Helen Toner and Tasha McCauley, former OpenAI board members, backed Sutskever's account. Their testimony gave Musk's side some of its most damaging moments of the trial.

Sam Altman denied betraying Musk and defended the for-profit conversion as necessary. On cross-examination, he faced internal emails that OpenAI's attorneys argued showed Musk was fully aware of the commercial direction years before he sued.

Shivon Zilis, a Musk business associate and mother of four of his children, took the stand but reportedly couldn't back up key parts of Musk's story.

Closing arguments

Musk's attorney Steven Molo kept it simple: "If you don't believe him," he said, pointing at Altman, "they cannot win." Altman's credibility was the central issue, he argued. The former board members' testimony destroyed it.

OpenAI's attorney Sarah Eddy called Musk's case "selective amnesia." He remembered what helped him and forgot what didn't. She argued Musk pushed for a for-profit structure himself, sought control he couldn't get, left, built a competitor, and now wants the courts to give him what negotiation couldn't.

Microsoft's attorney Russell Cohen kept it brief: Microsoft was "a responsible partner at every step" and played a minimal role in the key events.

What's actually at stake

The money is enormous but secondary. What's really at stake is control. OpenAI is racing toward an IPO at a reported $1 trillion valuation. Musk's xAI is expected to go public via SpaceX as early as June at a $1.75 trillion target. Both companies are betting their futures on convincing investors they'll dominate the next decade of AI.

A ruling that unwinds OpenAI's for-profit structure would throw that IPO into chaos and hand Musk a massive competitive gift. A ruling for OpenAI clears the path and shows the company's transformation from research nonprofit to the most valuable startup in history was legitimate.

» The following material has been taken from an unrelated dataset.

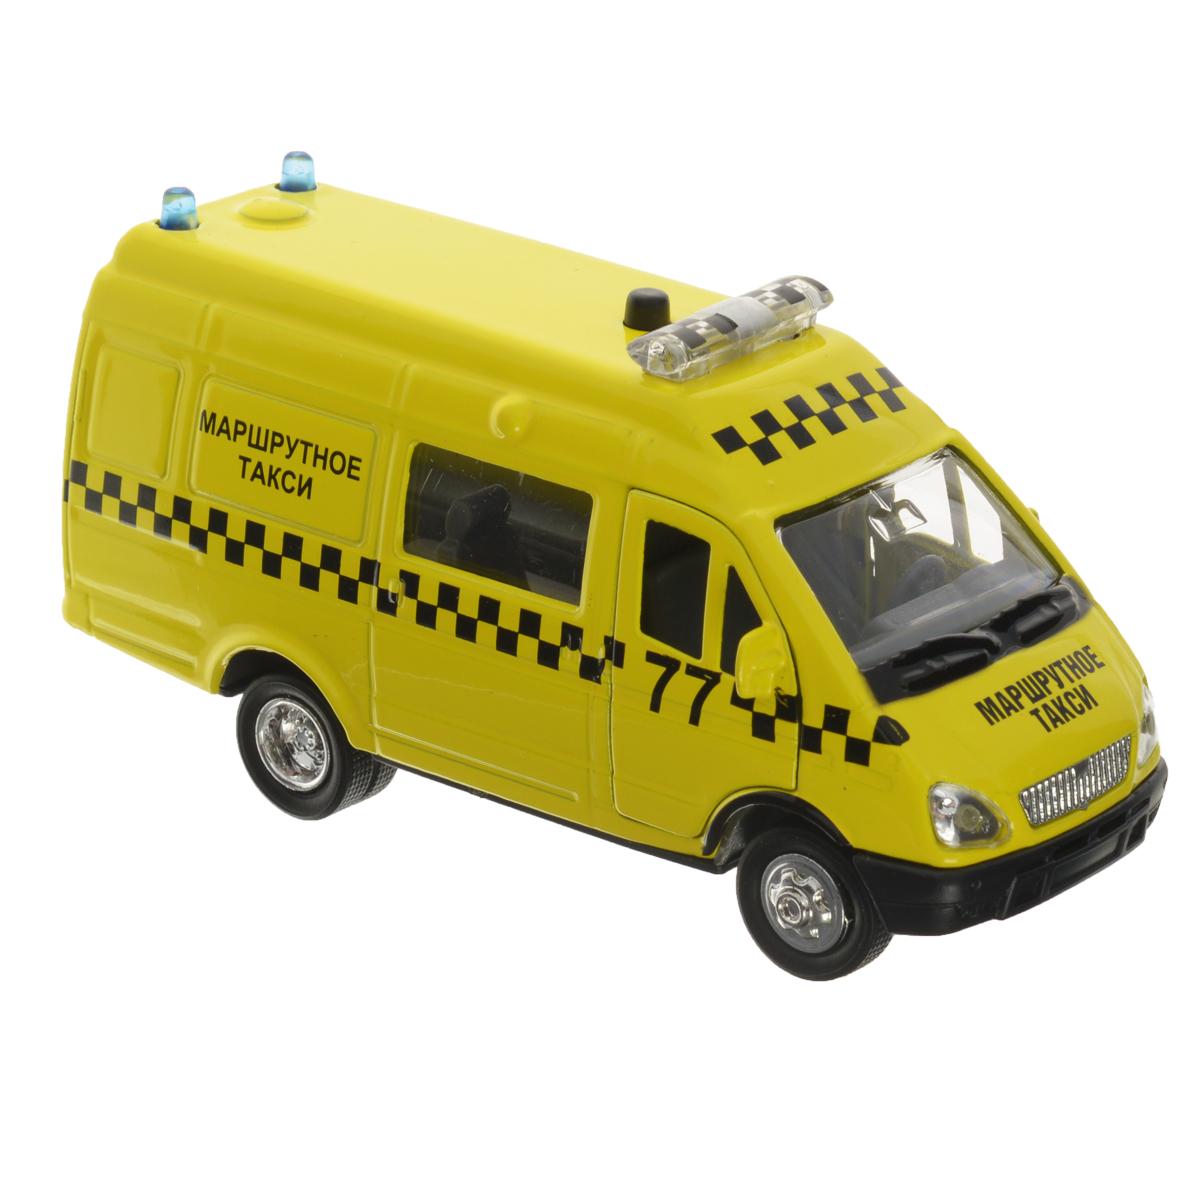 ТехноПарк Машинка инерционная Газель Маршрутное таксиCT-1276-22Инерционная машинка ТехноПарк Газель: Маршрутное такси, выполненная из пластика и металла, станет любимой игрушкой вашего малыша. Игрушка представляет собой модель автомобиля такси марки Газель. У машинки открываются передние, задние и боковая дверцы. При нажатии на кнопку на крыше модели замигают проблесковые маячки и раздастся голос водителя. Игрушка оснащена инерционным ходом. Машинку необходимо отвести назад, затем отпустить - и она быстро поедет вперед. Прорезиненные колеса обеспечивают надежное сцепление с любой гладкой поверхностью. Ваш ребенок будет часами играть с этой машинкой, придумывая различные истории. Порадуйте его таким замечательным подарком! Машинка работает от батареек (товар комплектуется демонстрационными).

The trial has also surfaced something uglier than legal arguments: a personal feud between two of the most powerful people in technology. The golden donkey trophy that OpenAI's lawyers presented in court, inscribed "Never stop being a jackass for safety," referenced Musk calling an employee a "jackass" years ago. The judge's response: "I don't want it." Whether the jury feels the same about the pettiness on display is anyone's guess.

What happens next

The jury is deliberating now. If they find for OpenAI on statute of limitations, the case ends. If they find for Musk, Judge Gonzalez Rogers will decide remedies. That's where things get unpredictable. She could order the unwinding of the restructuring, impose damages, remove executives, or craft something entirely new.

Either way, an appeal is guaranteed. This case is probably headed to the Ninth Circuit regardless of who wins round one. The final resolution is months, maybe years, away.

But the trial has already done something lasting: it put the entire AI industry's founding story under oath and cross-examination. The narrative of who started what, with what promises, and for whose benefit now has a court record. That matters for more than just the two men fighting over it.